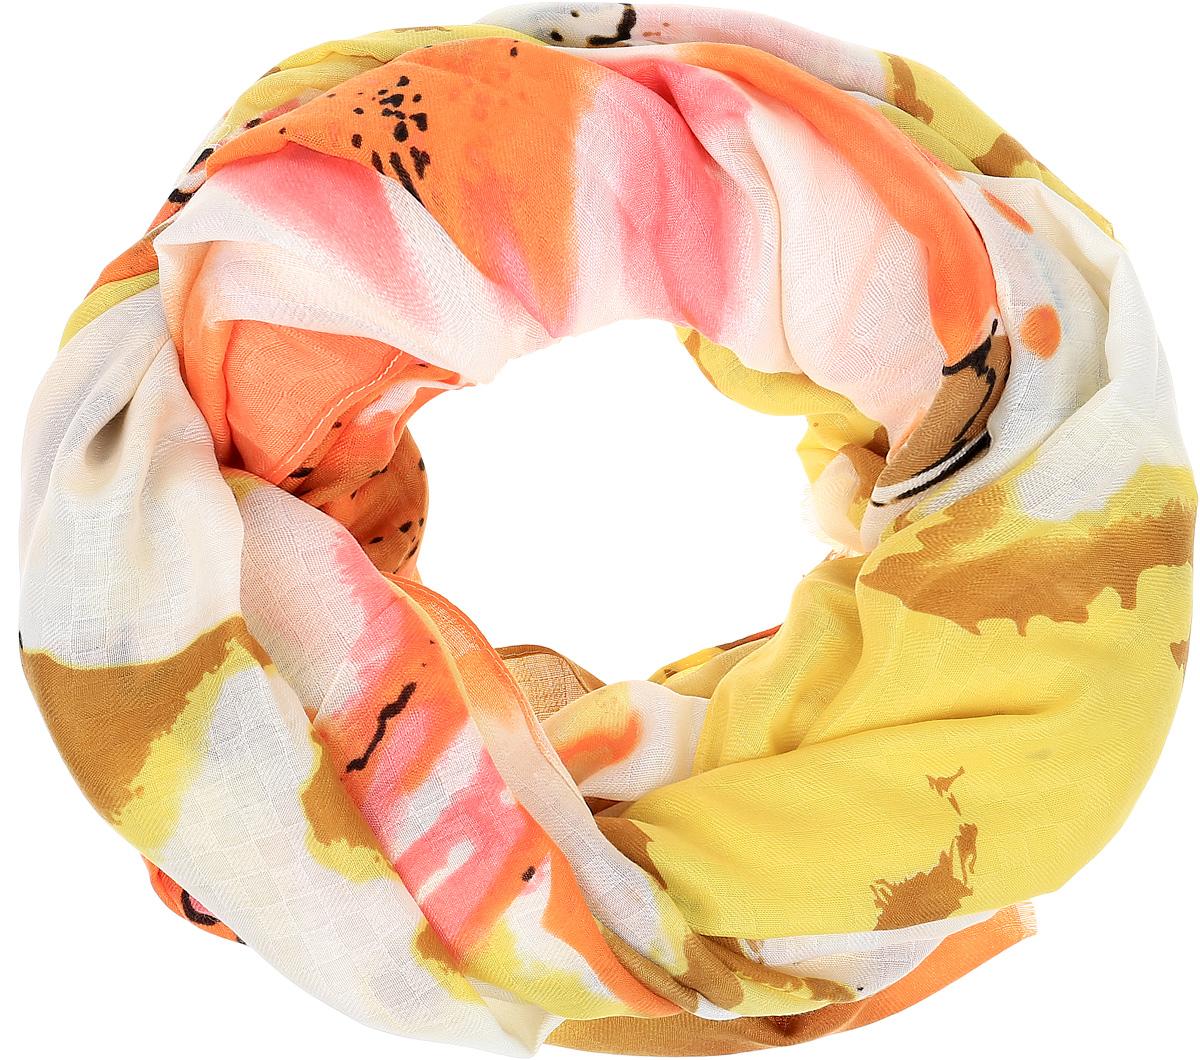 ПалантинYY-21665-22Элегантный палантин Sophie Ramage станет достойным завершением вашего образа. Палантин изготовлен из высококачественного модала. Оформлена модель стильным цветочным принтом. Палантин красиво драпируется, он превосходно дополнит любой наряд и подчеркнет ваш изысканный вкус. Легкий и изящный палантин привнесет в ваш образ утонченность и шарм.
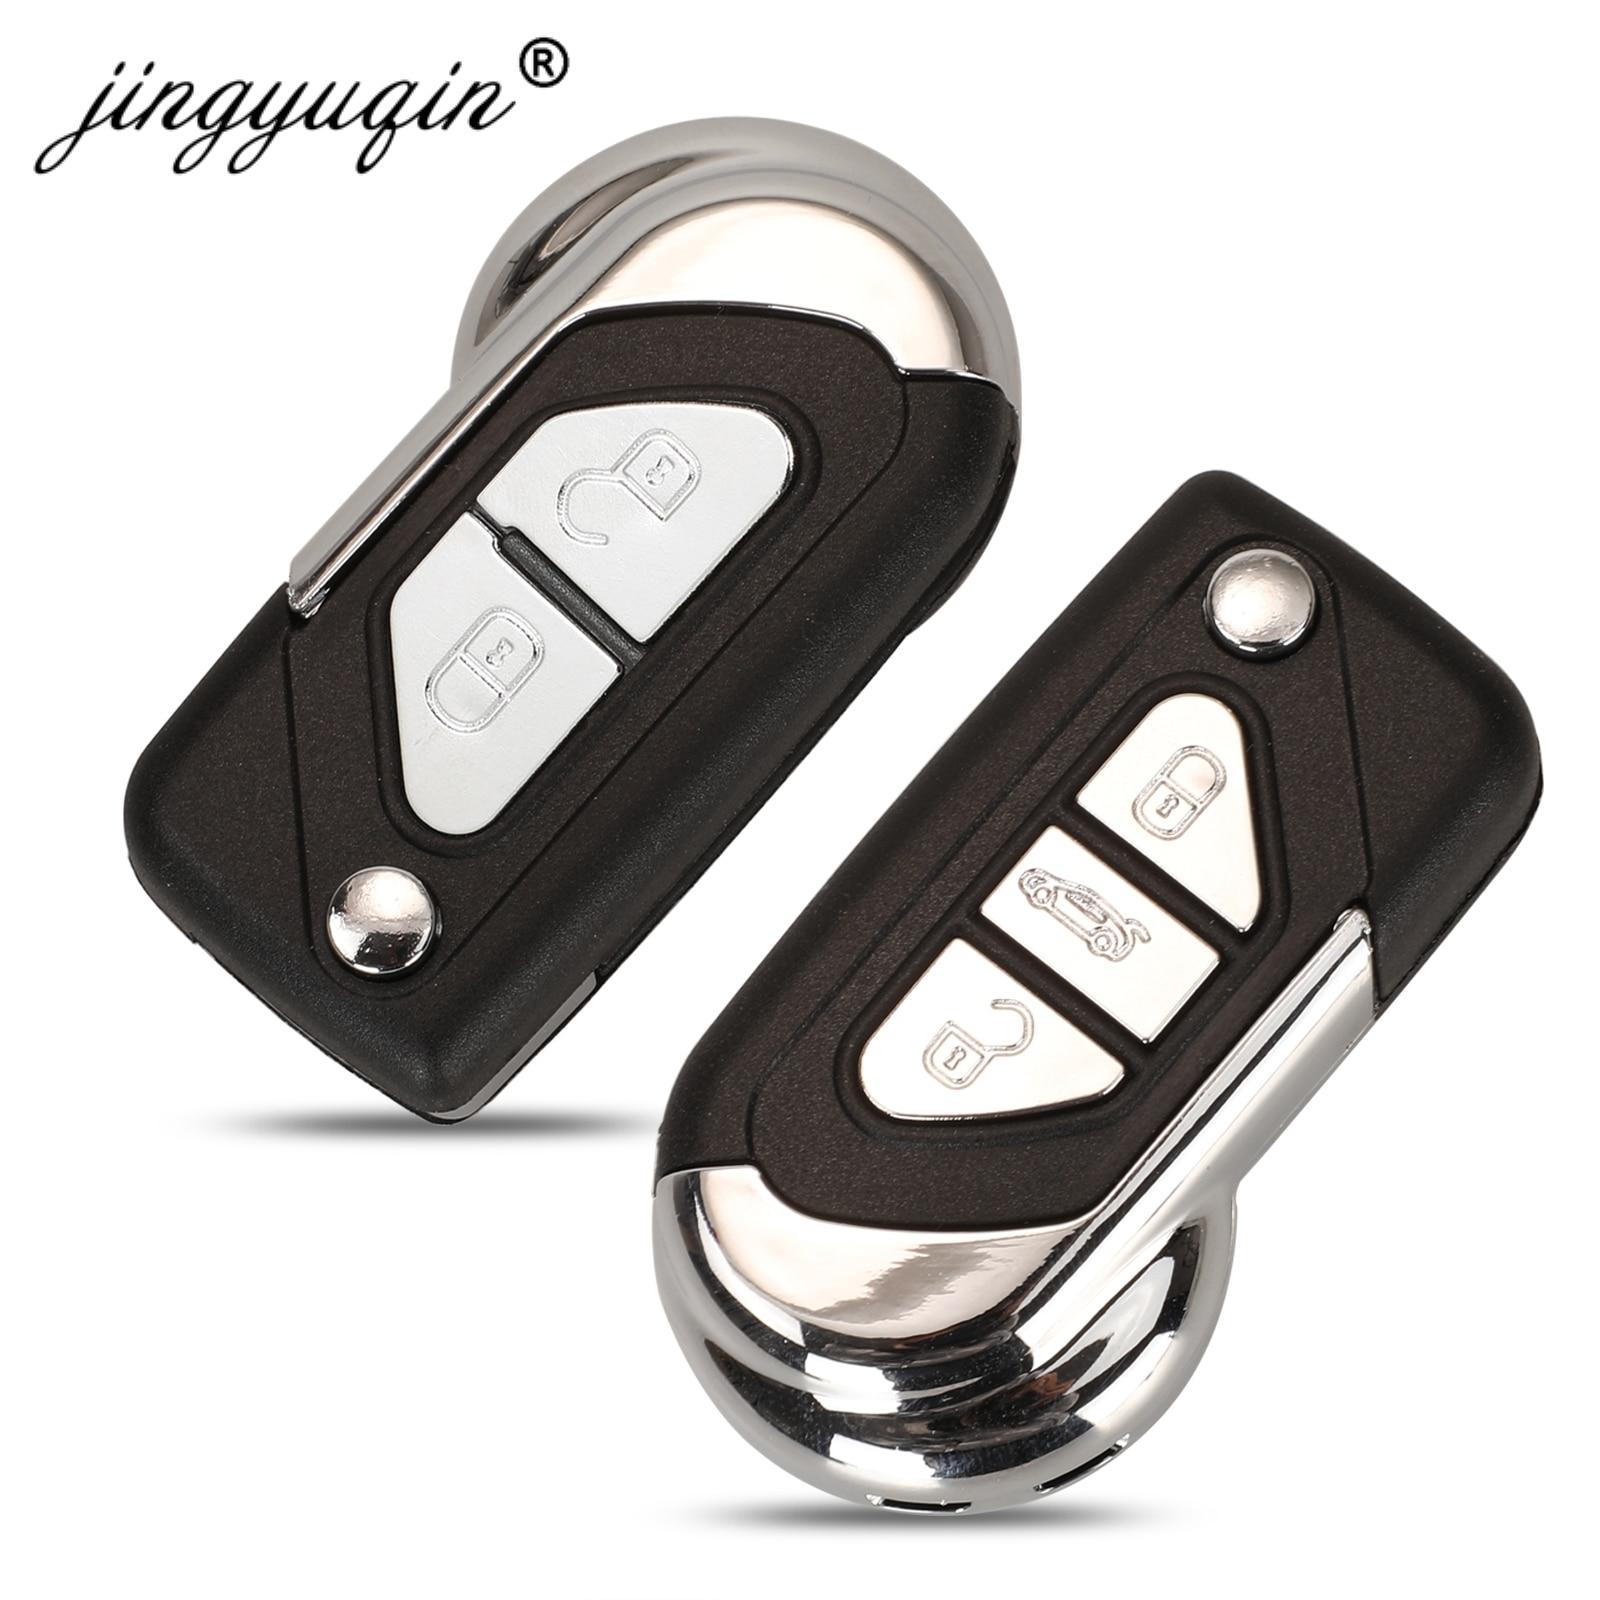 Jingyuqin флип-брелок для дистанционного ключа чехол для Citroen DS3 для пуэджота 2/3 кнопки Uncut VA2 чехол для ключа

---

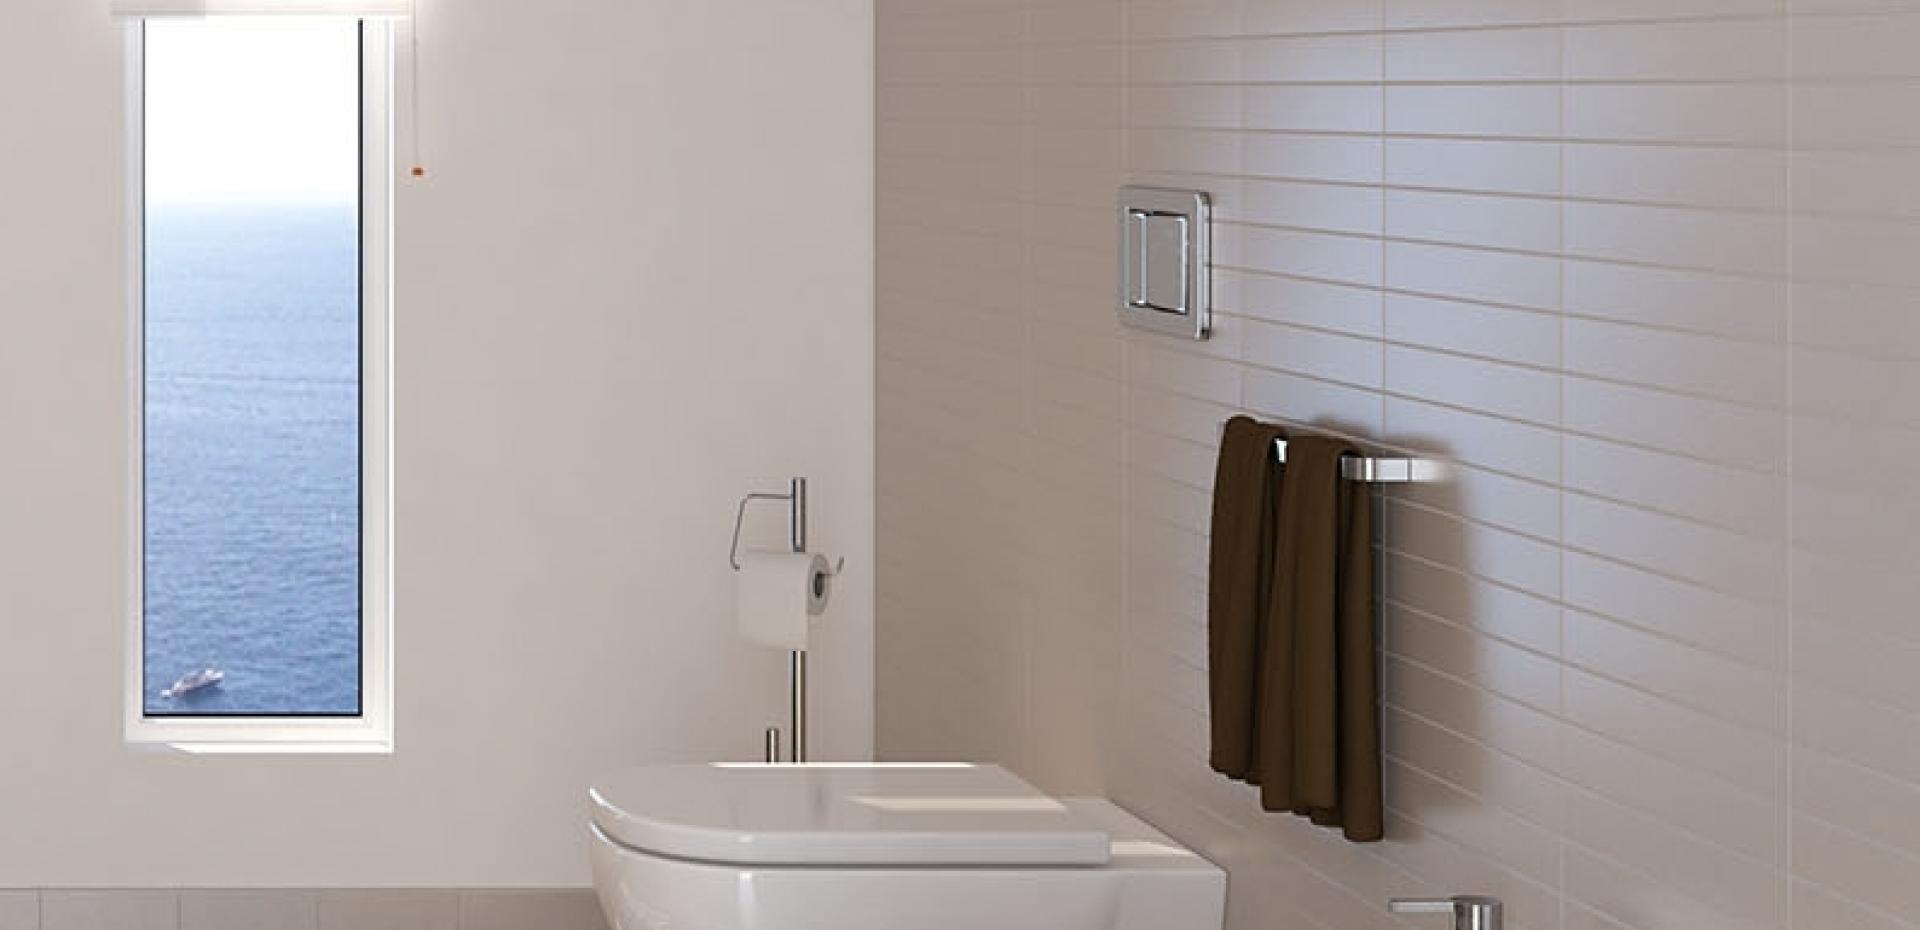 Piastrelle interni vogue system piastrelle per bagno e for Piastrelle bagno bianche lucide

---

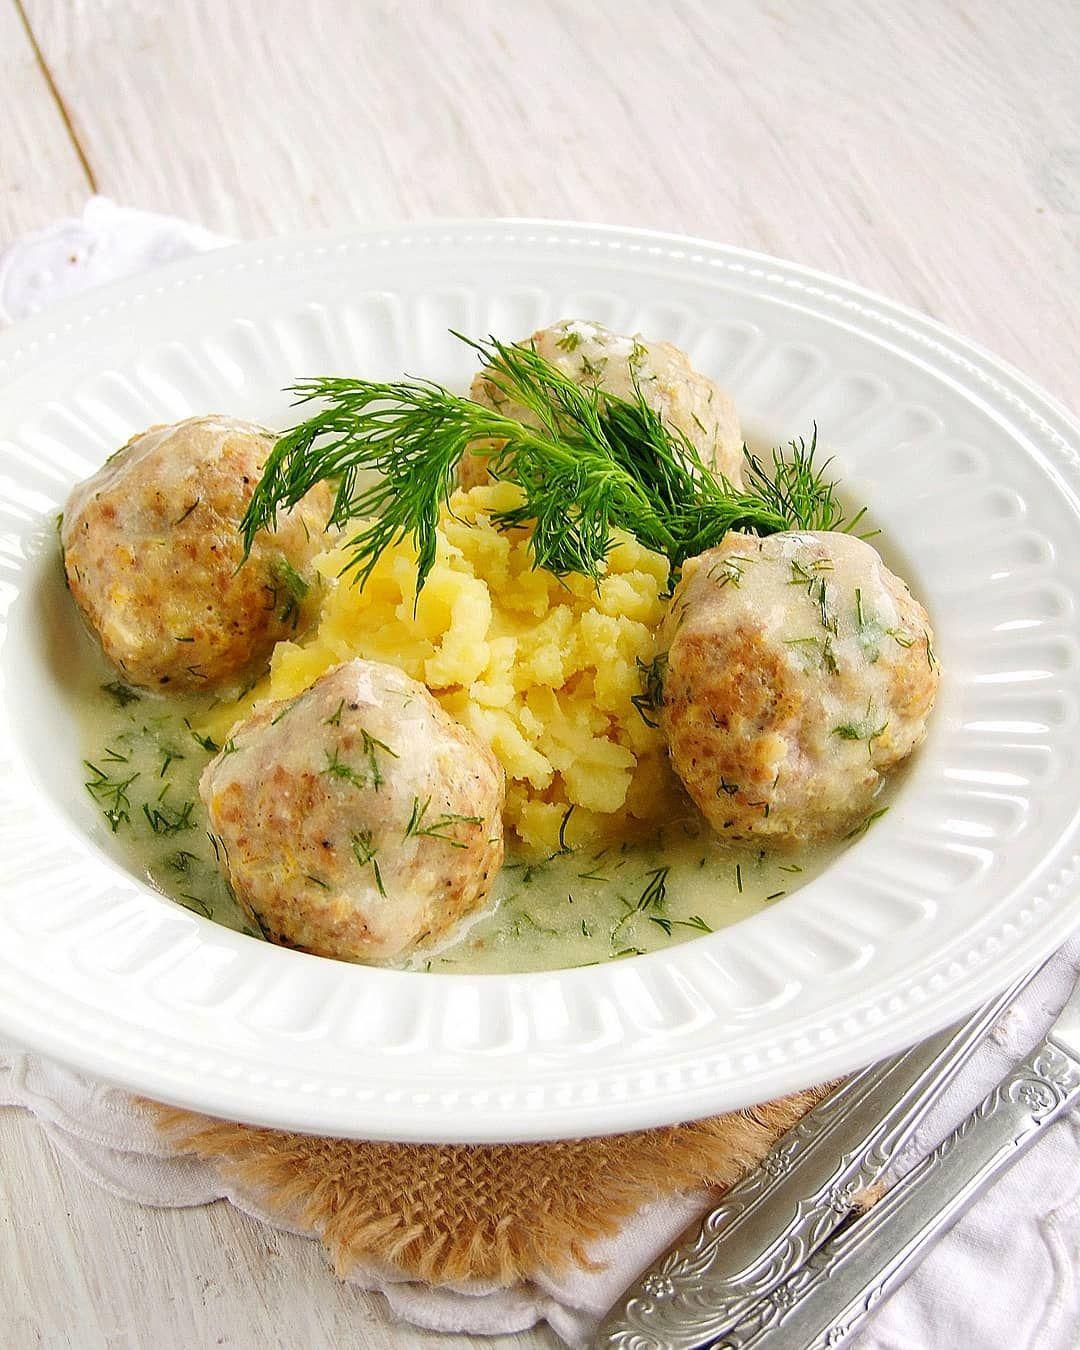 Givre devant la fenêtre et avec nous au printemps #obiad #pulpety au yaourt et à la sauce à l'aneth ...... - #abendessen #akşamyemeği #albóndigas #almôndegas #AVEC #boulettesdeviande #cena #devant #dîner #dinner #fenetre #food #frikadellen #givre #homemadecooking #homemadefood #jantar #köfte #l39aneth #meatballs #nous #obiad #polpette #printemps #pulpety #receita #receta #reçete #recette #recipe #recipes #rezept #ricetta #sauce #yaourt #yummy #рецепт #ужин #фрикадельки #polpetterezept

_TASK ITEM_:
Copy the lines above exactly, starting with the line that contains "ПалантинYY-21665-22Элегантный палантин Sophie" and ending with the line that contains "Jingyuqin флип-брелок для", and leave out any pictures.

_FINISHED EXERCISE_:
 ПалантинYY-21665-22Элегантный палантин Sophie Ramage станет достойным завершением вашего образа. Палантин изготовлен из высококачественного модала. Оформлена модель стильным цветочным принтом. Палантин красиво драпируется, он превосходно дополнит любой наряд и подчеркнет ваш изысканный вкус. Легкий и изящный палантин привнесет в ваш образ утонченность и шарм.
 Jingyuqin флип-брелок для дистанционного ключа чехол для Citroen DS3 для пуэджота 2/3 кнопки Uncut VA2 чехол для ключа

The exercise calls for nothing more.